The study examined the machinability of train wheel axle steel using TiN-coated carbide cutting inserts, under three different cooling conditions: dry, MQL, and cryogenic cooling. An attempt was made to enhance the machinability criteria such as energy consumption, tool wear, surface quality, and chip morphology of train wheel axle steel under these cutting circumstances. The findings obtained as a result of the study are summarized as follows:

  • In order to improve energy efficiency, it is possible to reduce friction by employing techniques to avoid the production of BUE.

  • The utilization of oil coatings and MQL fog droplets in the areas of deformation causes a decline in cutting forces, hence leading to an appropriate decrease in energy consumption.
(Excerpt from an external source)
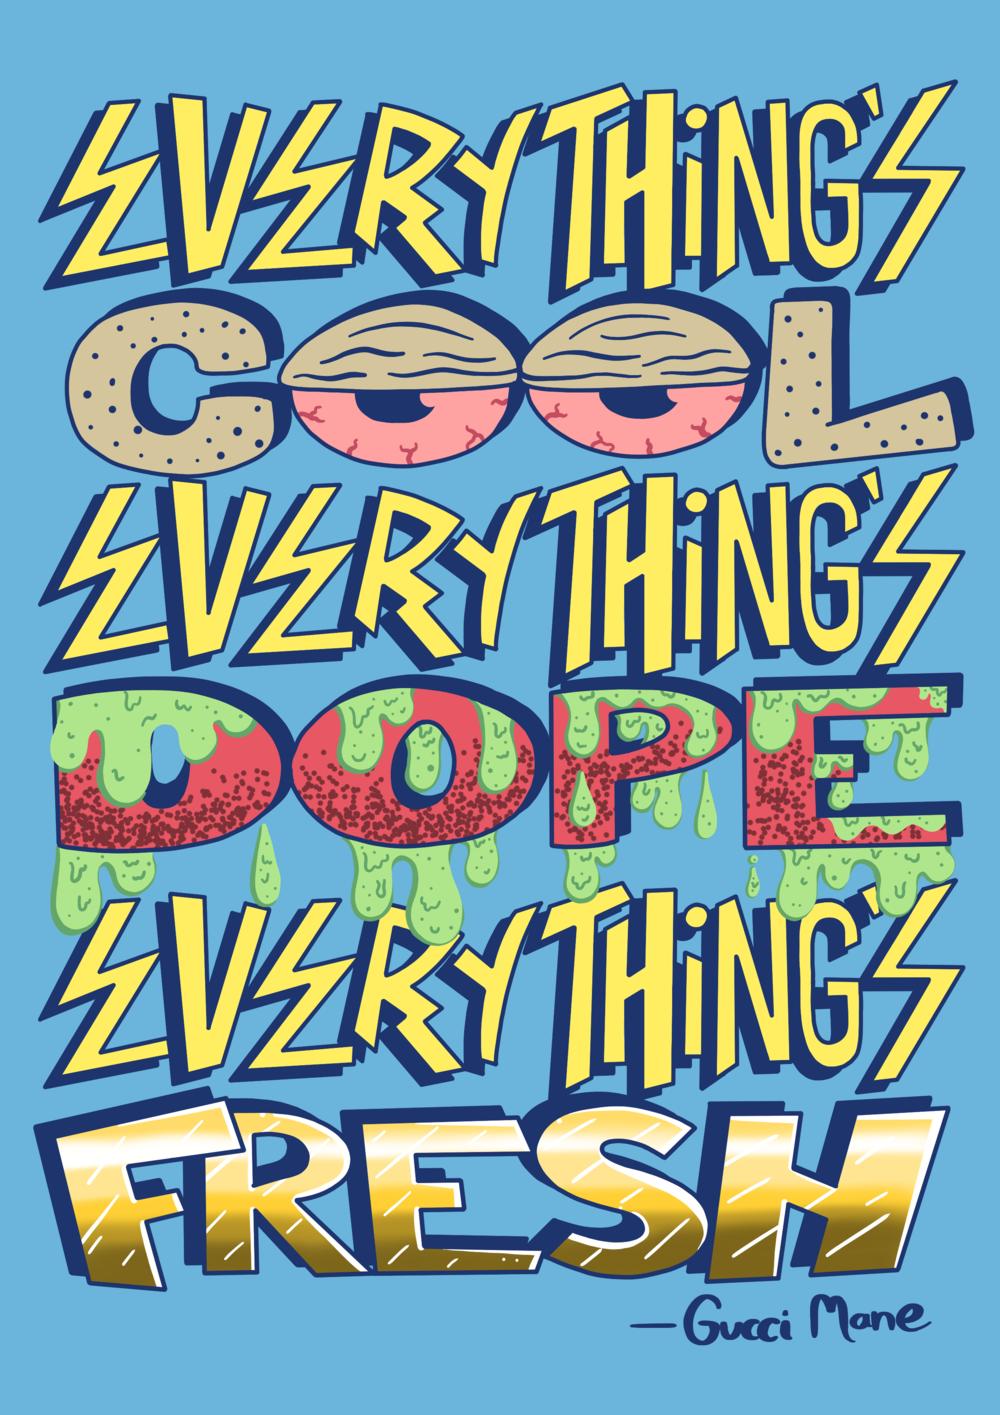 Gucci Mane Illustrated Quote
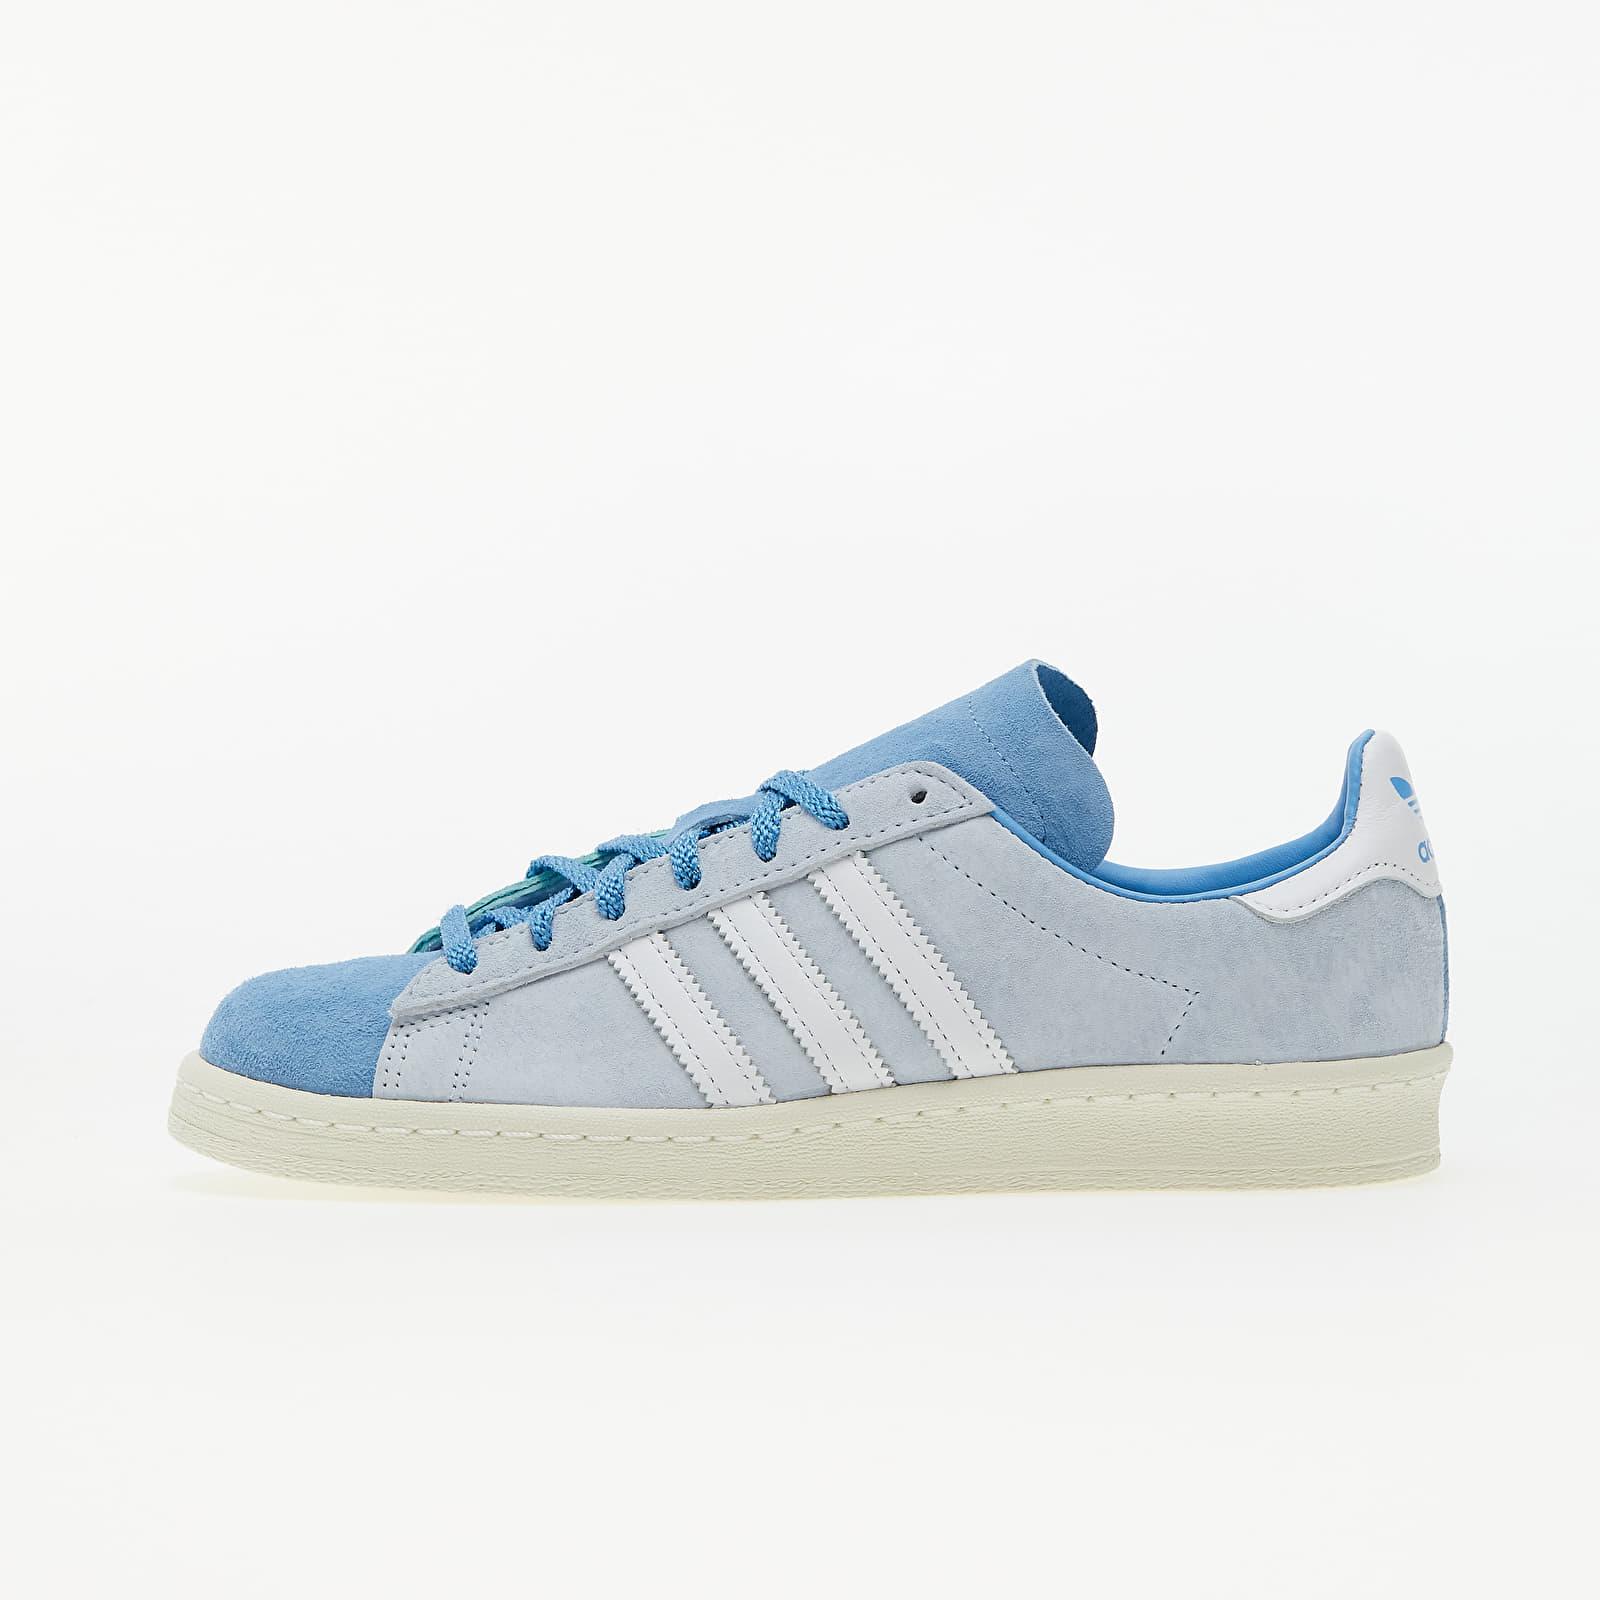 adidas Campus 80s W Halo Blue/ Ftw White/ Haze Blue EUR 41 1/3

  • Cryo-cooling is utilized to decrease thermal loads and tool wear during the machining process by decreasing heat production and diffusion. Compared to dry machining, this process yields smoother machined surfaces with reduced roughness values due to less friction and wear. Conversely, MQL is employed to reduce resistance and improve heat dissipation. On the other hand, this method enhances the effectiveness of the machining process, resulting in a higher Ra value compared to cryo machining.

  • The existence of BUE during dry machining was caused by the interaction of friction and high temperatures. Because cryogens boil at very low temperatures, they were able to absorb a great deal of the heat energy that was present in the cutting region when placed on the contact surfaces. Cutting tools and materials are subjected to less contact and lower temperatures when LN2 is introduced to the chip tool. In addition to lowering the resistance, MQL made it easier to apply a thin coating between the chip and tool. Tool degradation is reduced and a higher level of uniformity is achieved.

  • Insufficient lubrication might cause rough lamella in chips during dry and cryo machining. In cryogenic cooling, sudden temperature changes in the cutting region might generate heat damaged zones or thermal shock. The cutting tool-chip friction coefficient was consistent during dry, MQL, and cryogenic machining.